When we consider the cases where there is at least one pair of consecutive numbers, we need to take three things into consideration. The first is straightforward. For each pair of consecutive numbers, there is one less bucket available, so we can adjust the formula for \(n(C_0)\) accordingly. For instance, if there is exactly one pair of consecutive numbers in the case where \(x = 4\) and \(y = 9\), there are three walls (one of which uses two balls) and four buckets. Hence, in that case, \(n = x\) and \(m = y – x – (x – 1) + 1 = y – 2x + 2\).
Secondly, since we are pulling four (\(x\)) balls, we can have up to two (\(\lfloor{\frac{x}{2}}\rfloor\)) pairs of consecutive numbers. This means that our final formula will need to make use of sums, adding up the various cases for \(n(C_2)\). In this specific case, let’s use \(n(C_{21})\) for the case where we have one consecutive pair and \(n(C_{22})\) for the case where we have two.
The third consideration is how the pairs are placed. If there is one pair among a three walls, it could be the first wall, the second wall, or the third wall. Here we will be using the combination (binomial) function yet again. If we have \(w\) walls and \(v\) pairs, then there are \(\frac{w!}{v!(w-v)!}\) ways of distributing those pairs.
In the specific case for \(C_{21}\), \(w = 3\) and \(v = 1\), so \(\frac{w!}{v!(w-v)!}=\frac{3!}{1!(3-1)!}=3\). Thus \[n(C_{21}) = 3 \cdot \frac{(y-x+1)!}{(y-2x+2)!(x-1)!} = \frac{3 \cdot (9-4+1)!}{(9-2\cdot 4+2)!(4-1)!} = \frac{3 \cdot 6!}{3!\cdot 3!} = 60\]
Meanwhile, for \(C_{22}\), \(w = 2\) and \(v = 2\), giving us a multiplier of 1. \(n =x-1\) and \(m = y-2x+3\), so \[n(C_{22}) = \frac{(y-x+1)!}{(y-2x+3)!(x-2)!} =\frac{(9-4+1)!}{(9-2\cdot 4+3)!(4-2)!} = \frac{6!}{4!\cdot 2!} = 15\]
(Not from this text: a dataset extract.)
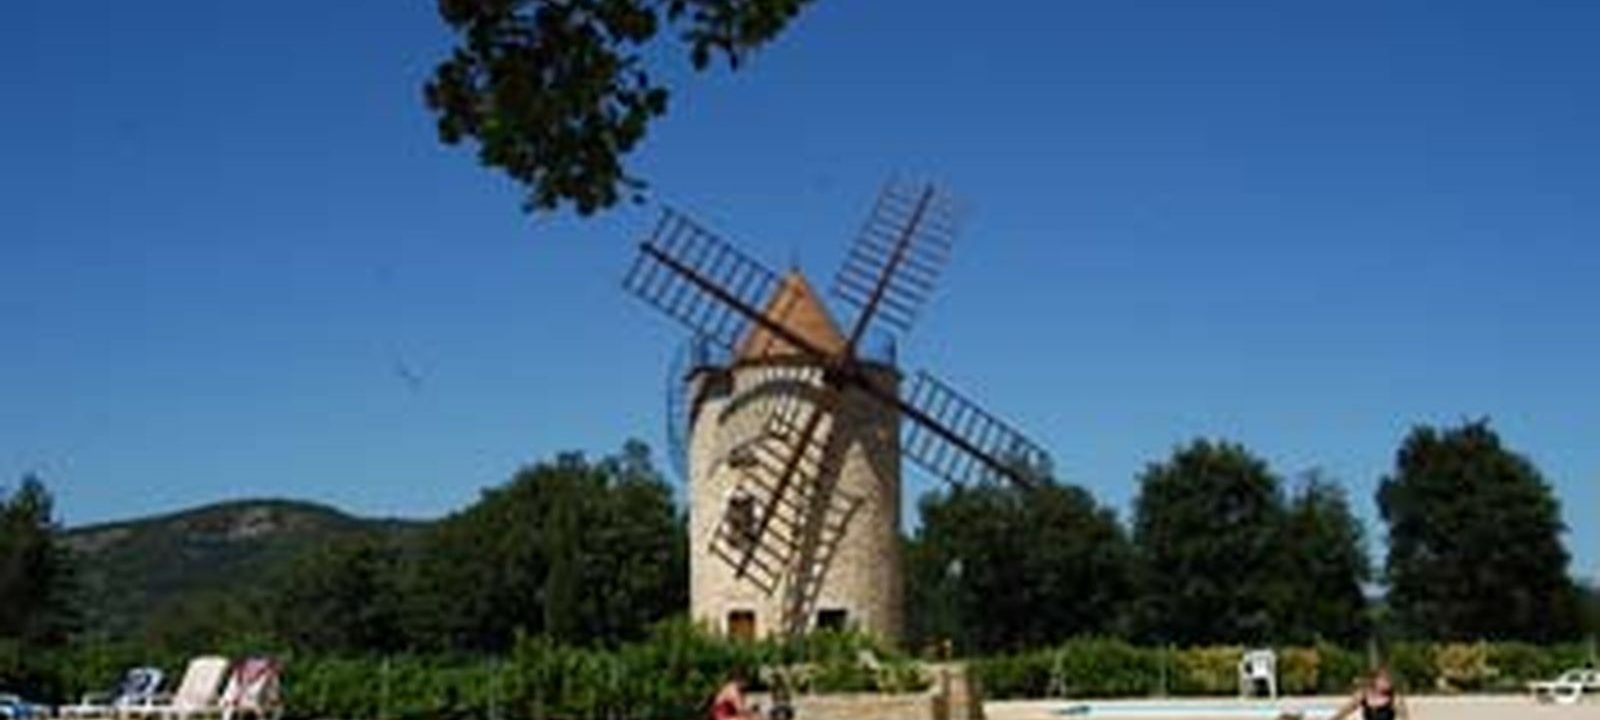 Village of S/C homes Le Moulin

Both of these match our manual counts. Notice our count formula is only slightly changed from the case of \(n(C_0)\). I’ll use new notation so we can generalize across all cases: \(n(P_k)\), where \(k\) represents the number of pairs of consecutive numbers. In general, \(n = x + 1 – k\) and \(m = y – 2x + 1 + k\), yielding \(m + n – 1=y-x+1\). Let \(M\) be the number of ways of distributing the pairs, so \[n(P_k) = M \cdot \frac{(y-x+1)!}{(y-2x+1+k)!(x-k)!}\]
Let’s look again at \(M\). Recall that \(M=\frac{w!}{v!(w-v)!}\). \(v=k\) and \(w=x-k\), so \(M=\frac{(x-k)!}{k!(x-2k)!}\). This gives us: \[n(P_k) = \frac{(y-x+1)!}{(y-2x+1+k)!(x-2k)!k!}\]
Before we wrap up, let’s check this again, just to verify. For \(x = 4\) and \(y = 9\),
- \(n(P_0) = \frac{(9-4+1)!}{(9-8+1+0)!(4-0)!0!} = \frac{6!}{2!4!0!} = 15\)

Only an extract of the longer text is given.